メルクは、キイトルーダのパテント・クリフを前に、10x Genomicsの出身者が設立したスタートアップのAI搭載抗体創薬プラットフォームに賭け、パイプラインの拡充を図っています。
- メルクは、提携を通じて開発される薬剤の独占権と引き換えに、最大8億3,800万ドルの契約一時金およびマイルストーンを支払います。
- インフィニミューンは人工知能を活用してヒト免疫細胞をスクリーニングし、抗体薬のターゲットを特定します。
- この提携は、収益源の多様化を目指すメルクの「真珠の首飾り」戦略の一環です。
メルクは、キイトルーダのパテント・クリフを前に、10x Genomicsの出身者が設立したスタートアップのAI搭載抗体創薬プラットフォームに賭け、パイプラインの拡充を図っています。

メルク(Merck & Co.)は、複数の抗体を発見・開発するためにインフィニミューン(Infinimmune)との提携を開始しました。この契約は最大8億3,800万ドルの価値に達する可能性があり、バイオ製薬パイプラインの構築を目指す同社の戦略を前進させるものです。3月31日に発表されたこの合意により、メルクは提携を通じて開発されたあらゆる薬剤の独占権を取得します。

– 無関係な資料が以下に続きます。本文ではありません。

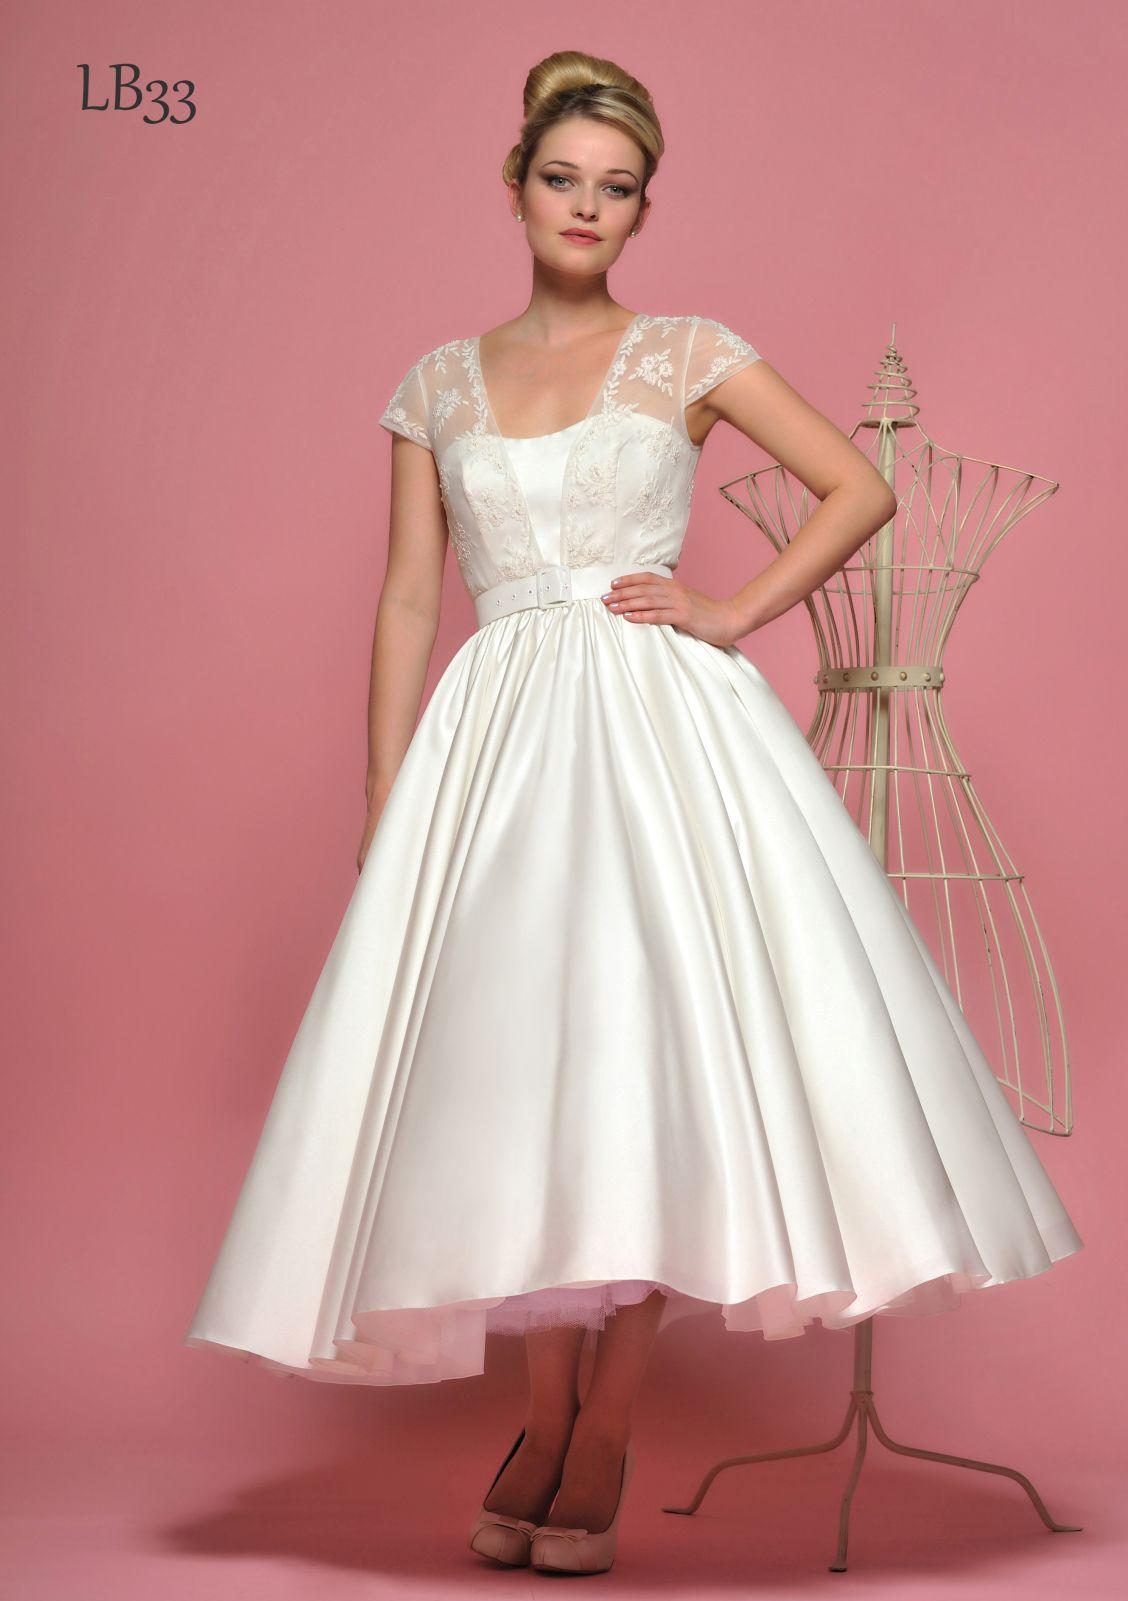 Lou Lou Bridal Dress. www.emporiumengland.co.uk | wedding dresses ...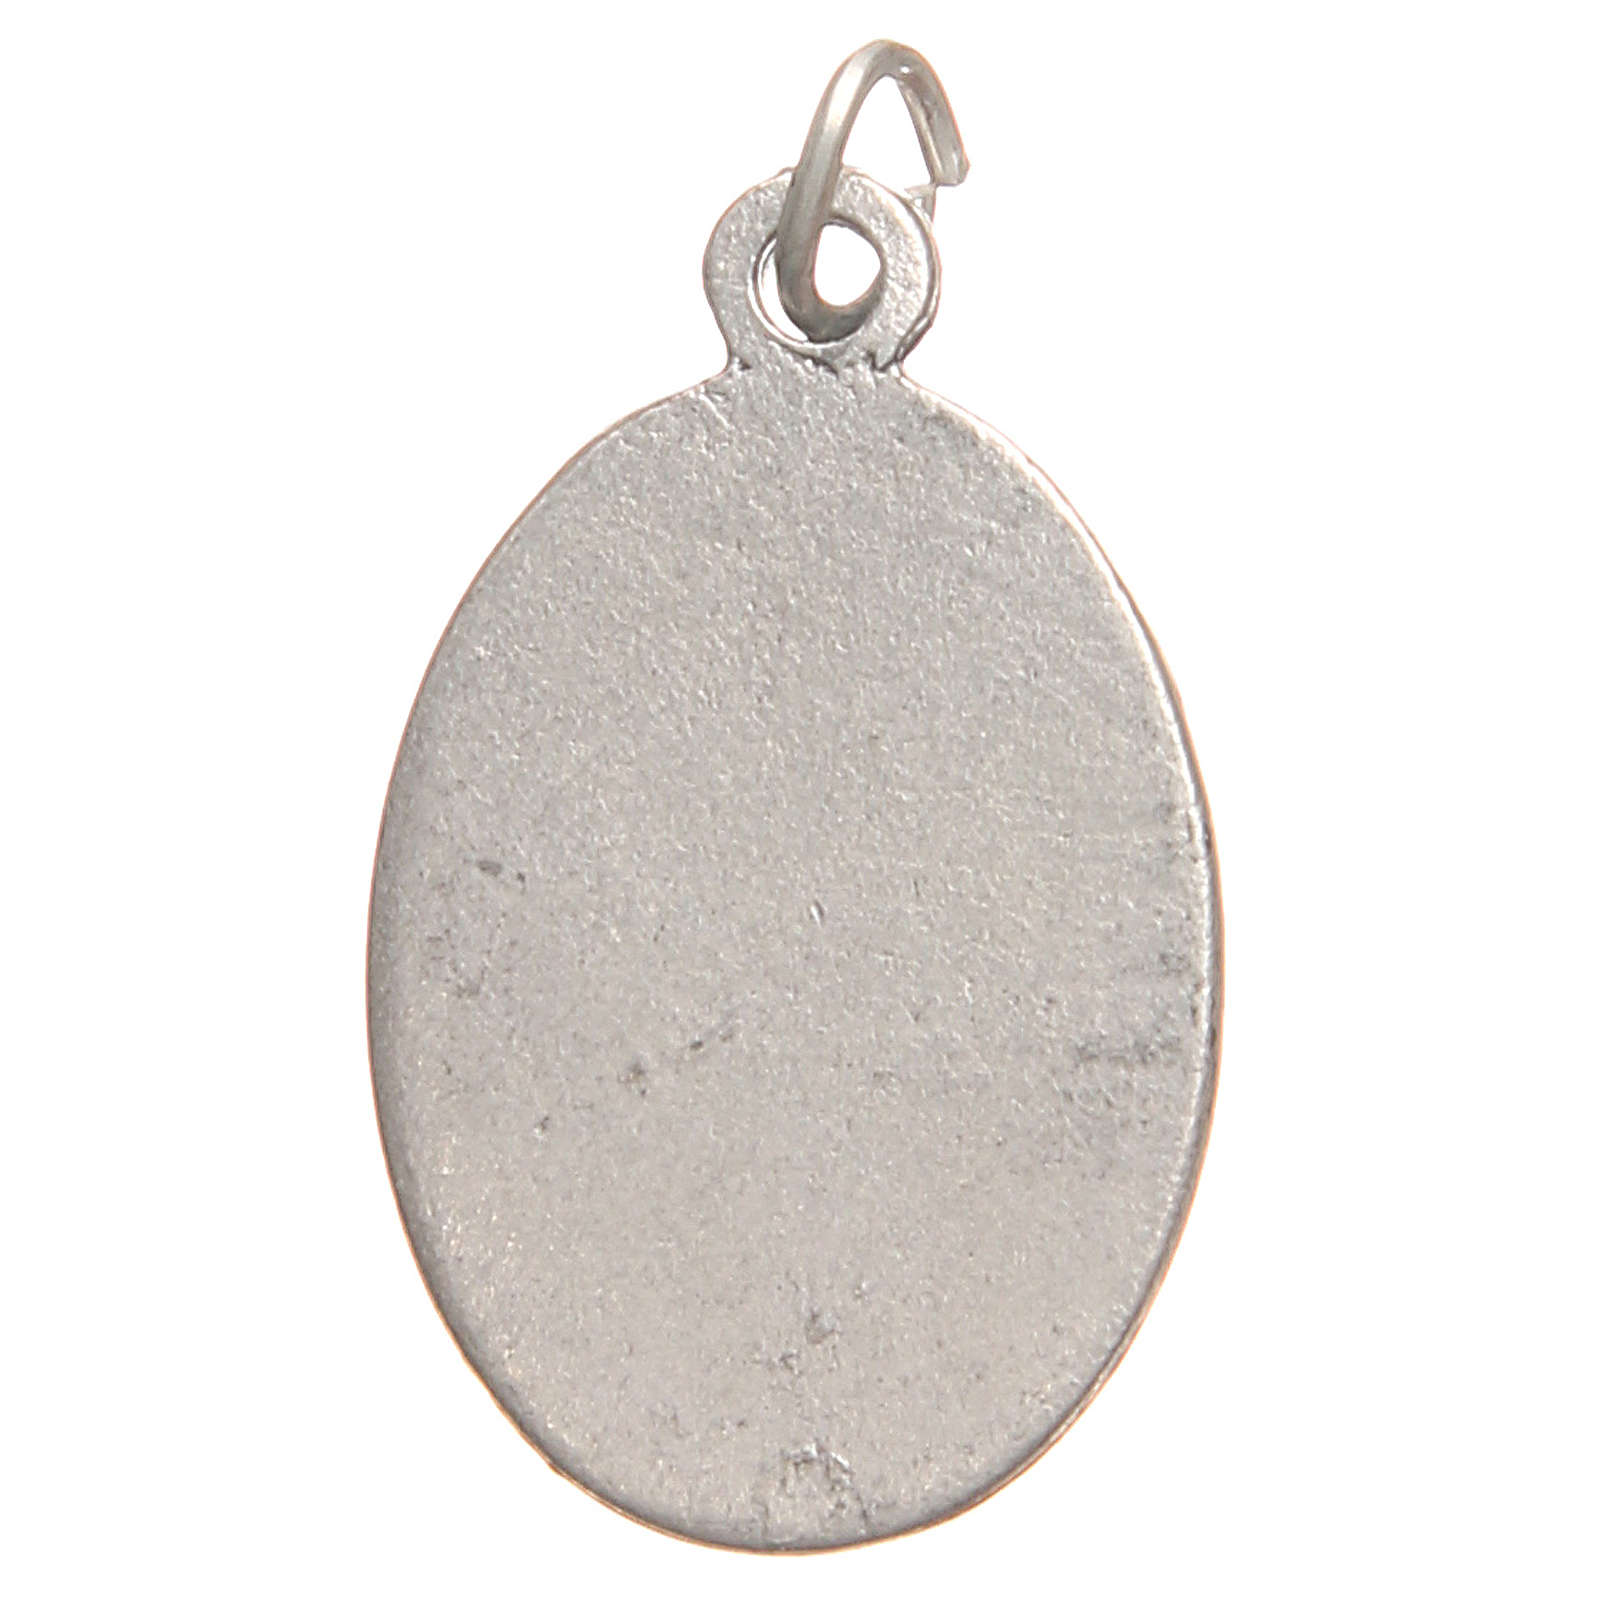 Medaglietta San Faustina galvanica argento antico rosso 2,1 cm 4

「当社のプラットフォームのスピード、品質、厳格さ、そして資本効率の高さが、彼らの関心を惹きつけました」と、インフィニミューンのワイアット・マクドネルCEOはインタビューで語りました。メルク・リサーチ・ラボラトリーズでバイオ製薬開発を統括するファン・アルバレス氏は声明の中で、インフィニミューンの手法は「新しい生物学と有望な治療候補にアクセスするための、説得力のある新しい方法」を提供すると述べています。

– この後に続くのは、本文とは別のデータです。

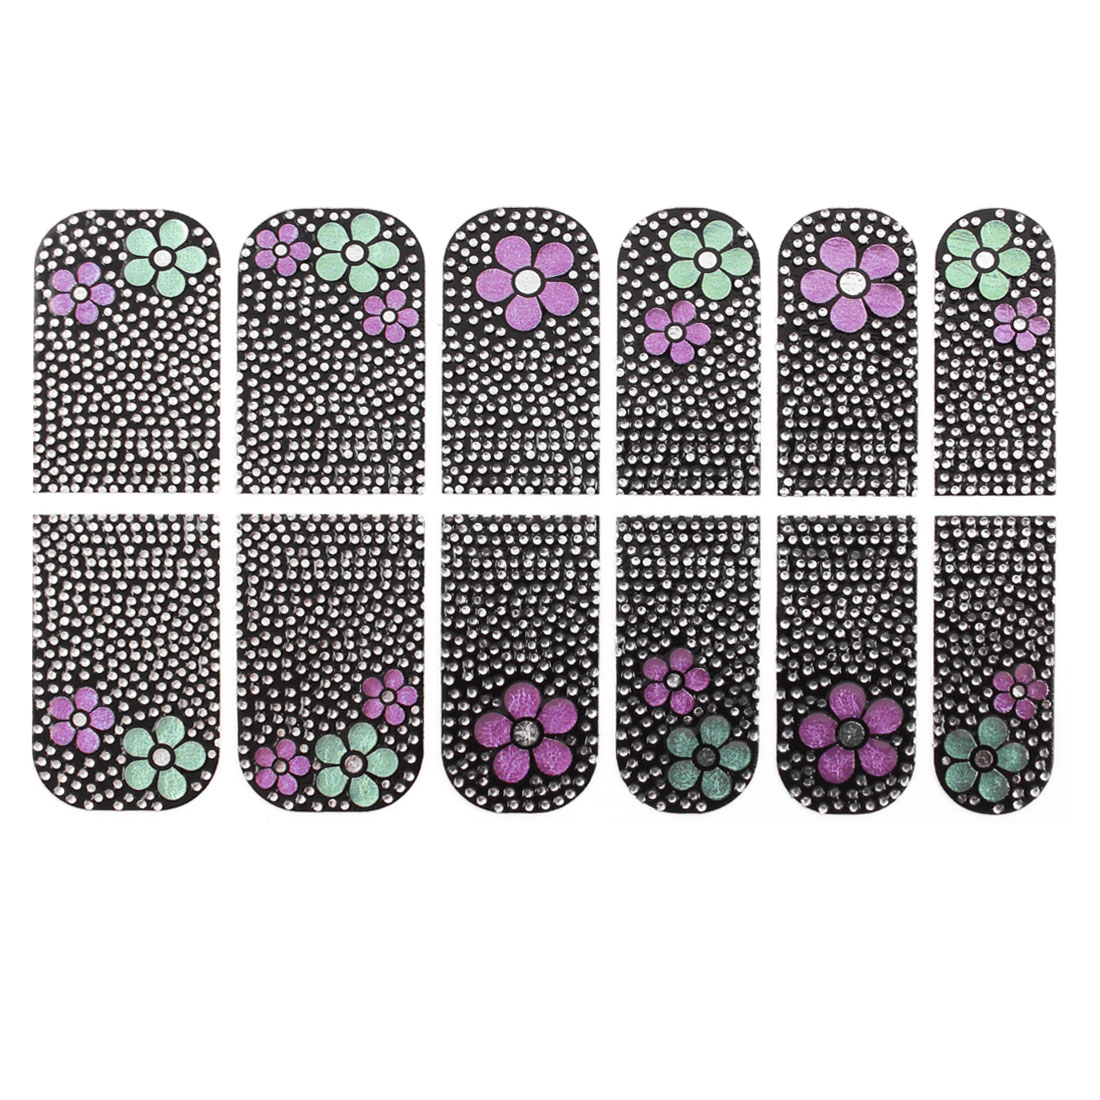 Silver Tone Dots Magenta Green Flower Prints Nail Foils 12 Pcs Black

契約条件に基づき、インフィニミューンは非公開の契約一時金を受け取り、候補薬が臨床試験を経て上市に至った場合、最大8億3,800万ドルのマイルストーン支払いを受ける権利を得ます。カリフォルニア州アラメダを拠点とし、設立以来2,200万ドルを調達しているこのスタートアップは、人工知能を活用してヒト免疫細胞をスクリーニングし、抗体薬のターゲットを特定しています。

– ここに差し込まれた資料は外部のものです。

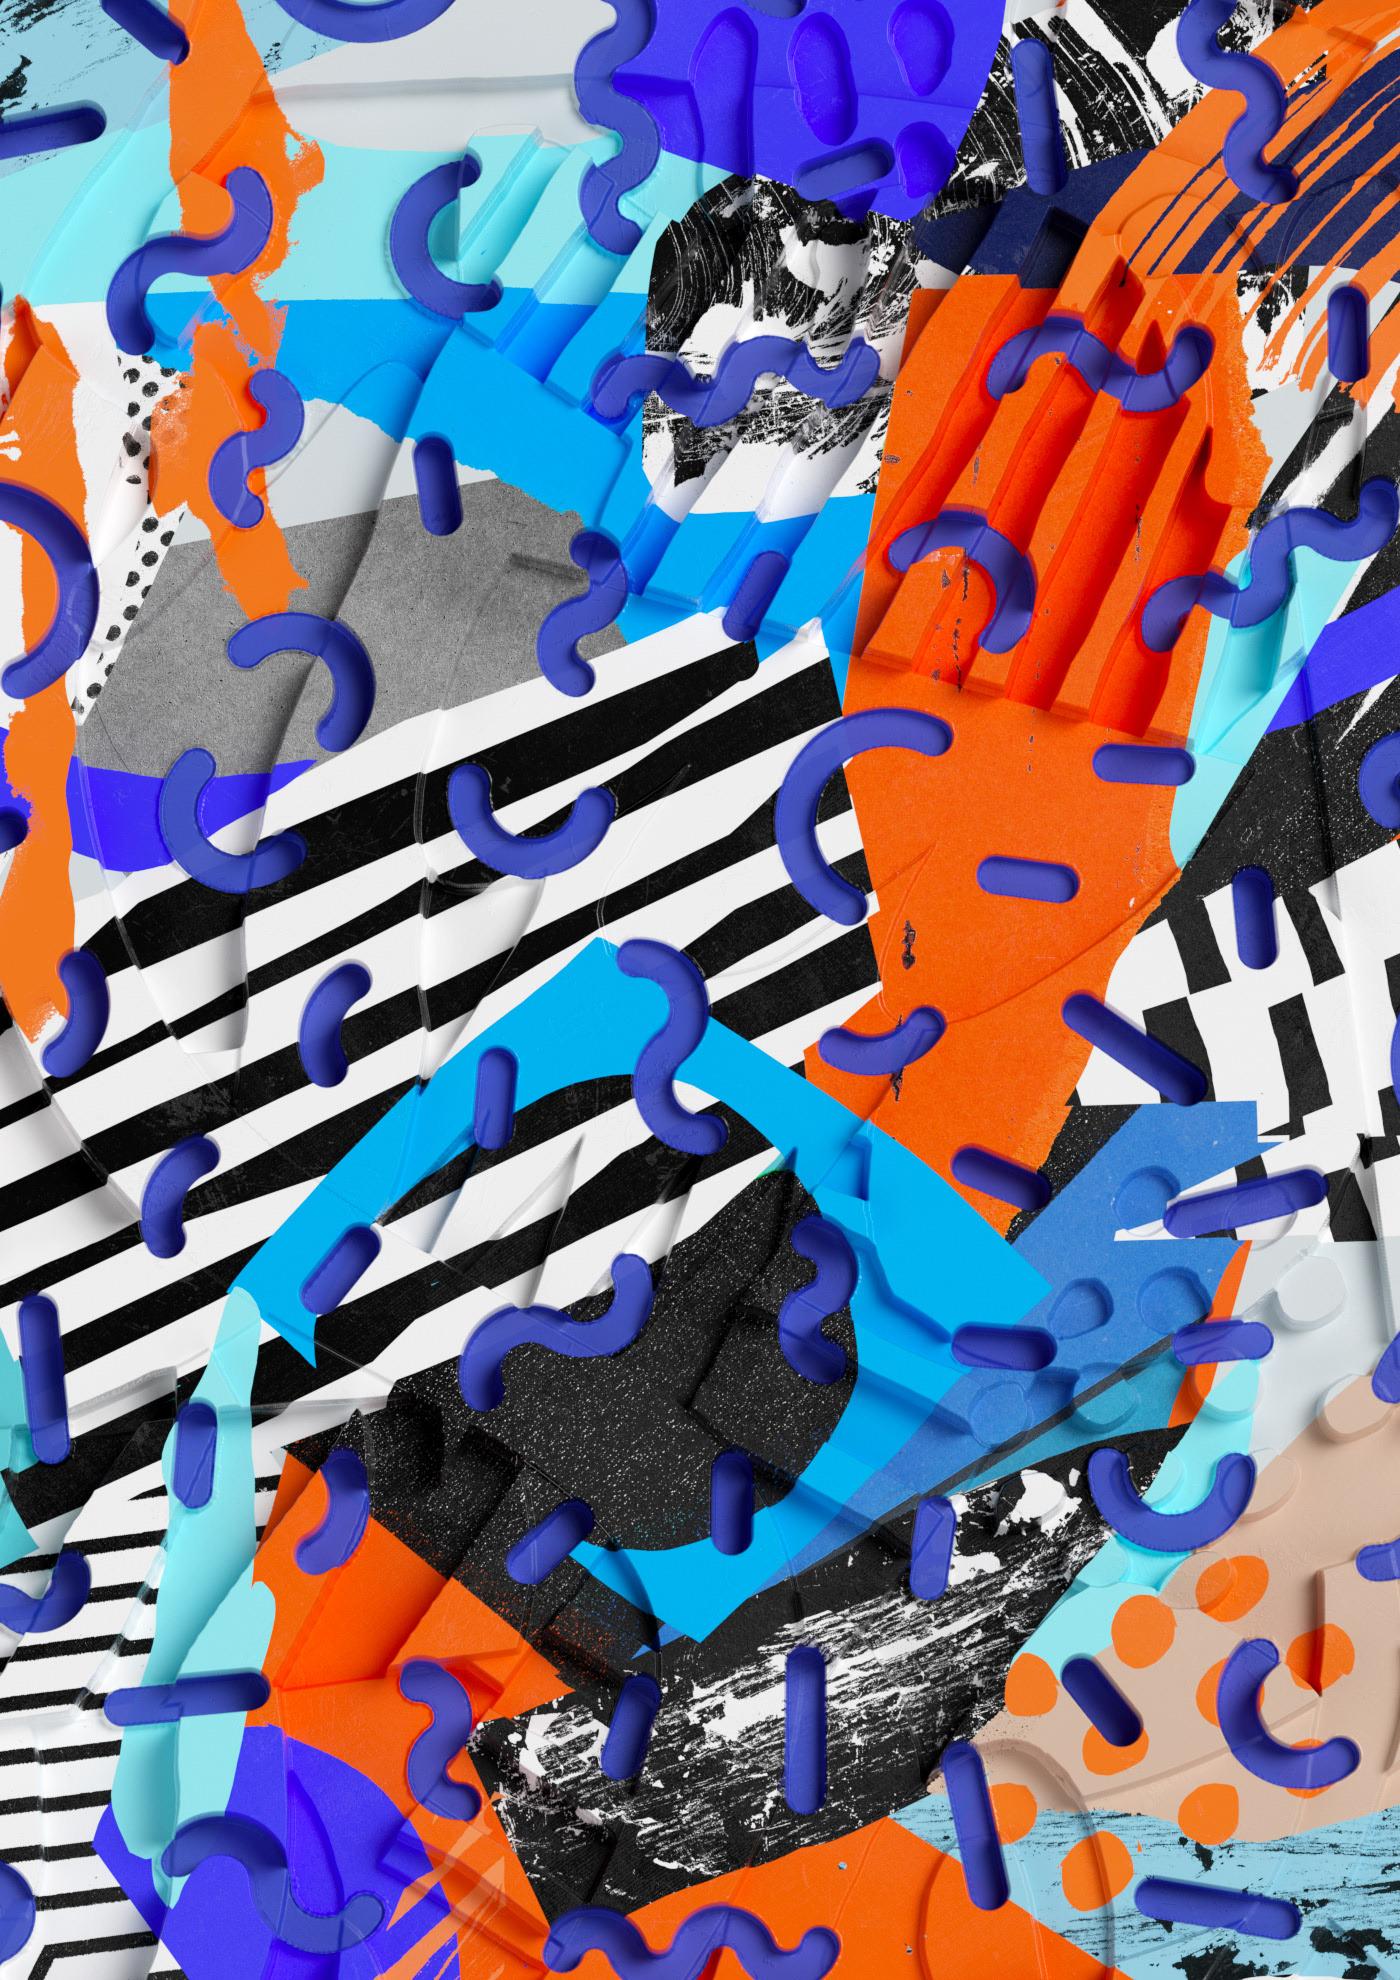 Traversing Patterns & Textures with Danny Ivan - Digital Art

メルクにとって、この取引は、主力のがん治療薬「キイトルーダ(Keytruda)」の独占権喪失が近づく中、収益源を多様化するための新たな動きを意味します。インフィニミューンにとっては、この提携により多額の非希薄化資金が提供されるとともに、世界的な製薬リーダーによる自社技術プラットフォームへの重要な裏付けが得られることになります。
インフィニミューンは、シングルセル分析技術のリーダーである10x Genomicsの元従業員グループによって設立されました。同社のプラットフォームは、優れた抗体を特定することで、既存の薬剤の安全性と有効性を向上させることを目的としています。社内パイプラインには、アトピー性皮膚炎や潰瘍性大腸炎などの自己免疫疾患に関与するタンパク質であるIL-22およびIL-13を標的とするプログラムが含まれています。
メルクとの提携は、この新興企業にとって2つ目の主要なパートナーシップです。9月には、シーゲン(Seagen)と経営陣のつながりがあるイミュノーム(Immunome)と同様の抗体創薬契約を発表しています。
インフィニミューンとの協定は、キイトルーダ後の世界に備えるメルクにとって、一連の「真珠の首飾り(string of pearls)」型買収および提携の最新事例です。同社は近年、バイオ製薬分野での存在感を高めるために数十億ドルを投資してきました。
これらの取り組みには、最近の二重特異性抗体開発企業ハープーン・セラピューティクス(Harpoon Therapeutics)の買収や、次世代の抗体薬物複合体(ADC)を開発するための第一三共との数十億ドル規模の広範な提携が含まれます。小規模なバイオテク企業との提携や買収という戦略により、メルクは初期段階の創薬における全コストとリスクを負うことなく、外部のイノベーションを取り入れることができます。この種の提携は一般的ですが、ベンチャーキャピタル界における他の最近の出来事はその重要性を浮き彫りにしています。例えば、数十億ドル規模のライフサイエンス・ファンドであるアップル・ツリー・パートナーズ(Apple Tree Partners)の破産により、数十社のポートフォリオ企業が資金繰りに奔走しており、VC資金が大手製薬会社との戦略的提携ほど安定していない可能性を示しています。
この記事は情報提供のみを目的としており、投資アドバイスを構成するものではありません。